The species of this genus are tropical epiphytes with a pendent or erect habit. The leaves may be terete or broad. Both types of leaves may occur on the same specimen, as some species exhibit leaf polymorphy. Three species have blue flowers, but other colours, such as pink and white also occur.

==Cytology==
The diploid chromosome count is 2n = 38.

==Etymology==
The generic name is derived from the Greek kleistos meaning closed, as well as kentron meaning spur. The name relates to the morphology of the spurred labellum.

==Ecology==
===Pollination===
There have been reports of pollination or visitation by ants, which was observed during field expeditions in Borneo. Alternatively, there have been speculations, that the nectariferous flowers are pollinated by butterflies.

==Taxonomy==
It was published by Paul Johannes Brühl in 1926 with Cleisocentron trichromum (Rchb. f.) Brühl as the type species.
=== Species ===
Eight species are currently recognized:
- Cleisocentron abasii Cavestro - Sabah
- Cleisocentron gokusingii J.J.Wood & A.L.Lamb - Sabah
- Cleisocentron kinabaluense Metusala & J.J.Wood - Sabah
- Cleisocentron klossii (Ridl.) Garay - Vietnam
- Cleisocentron malipoense (Z.J.Liu & L.J.Chen) R.Rice - Malipo, Yunnan, China
- Cleisocentron merrillianum (Ames) Christenson - Sabah
- Cleisocentron neglectum M.J.Mathew & J.Mathew - India (Karnataka)
- Cleisocentron pallens (Cathcart ex Lindl.) N.Pearce & P.J.Cribb - eastern Himalayas (Sikkim, Bhutan, Assam, India)
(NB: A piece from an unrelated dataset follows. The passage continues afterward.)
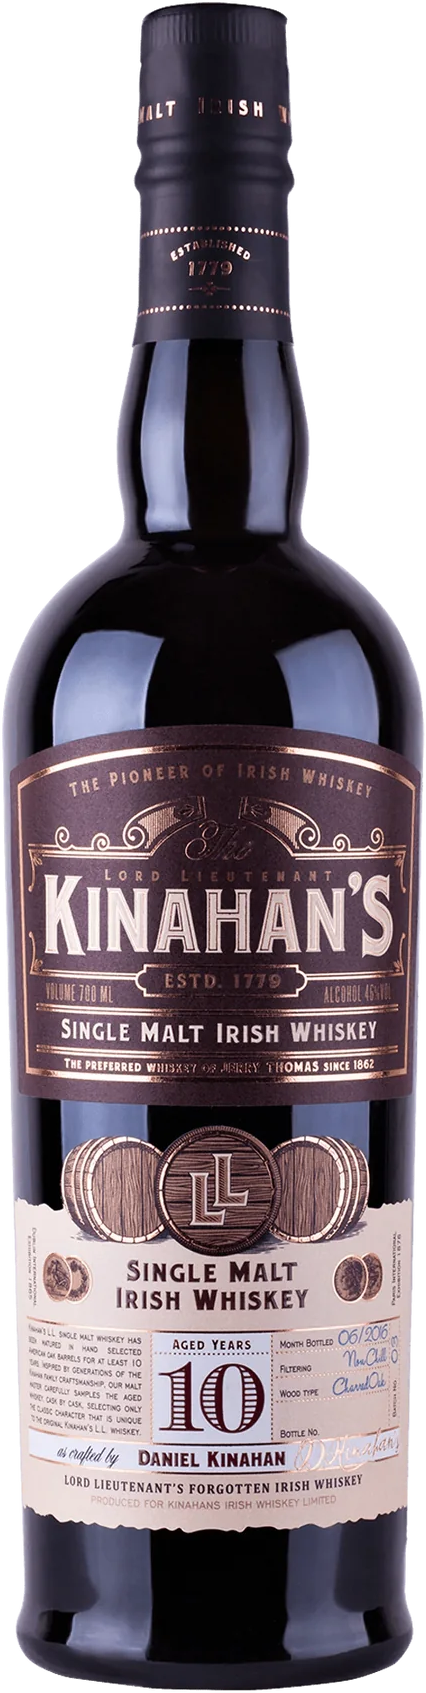 Kinahans 10 Year Old Single Malt Irish Whiskey 700ml

=== Formerly included species ===
- Cleisocentron collettianum (King & Pantl.) Garay is now considered a synonym of Robiquetia pachyphylla (Rchb.f.) Garay.

==Horticulture==
Cleisocentron is rarely found in cultivation. However, they are easy to cultivate. Numerous intergeneric hybrids with Cleisocentron have been described.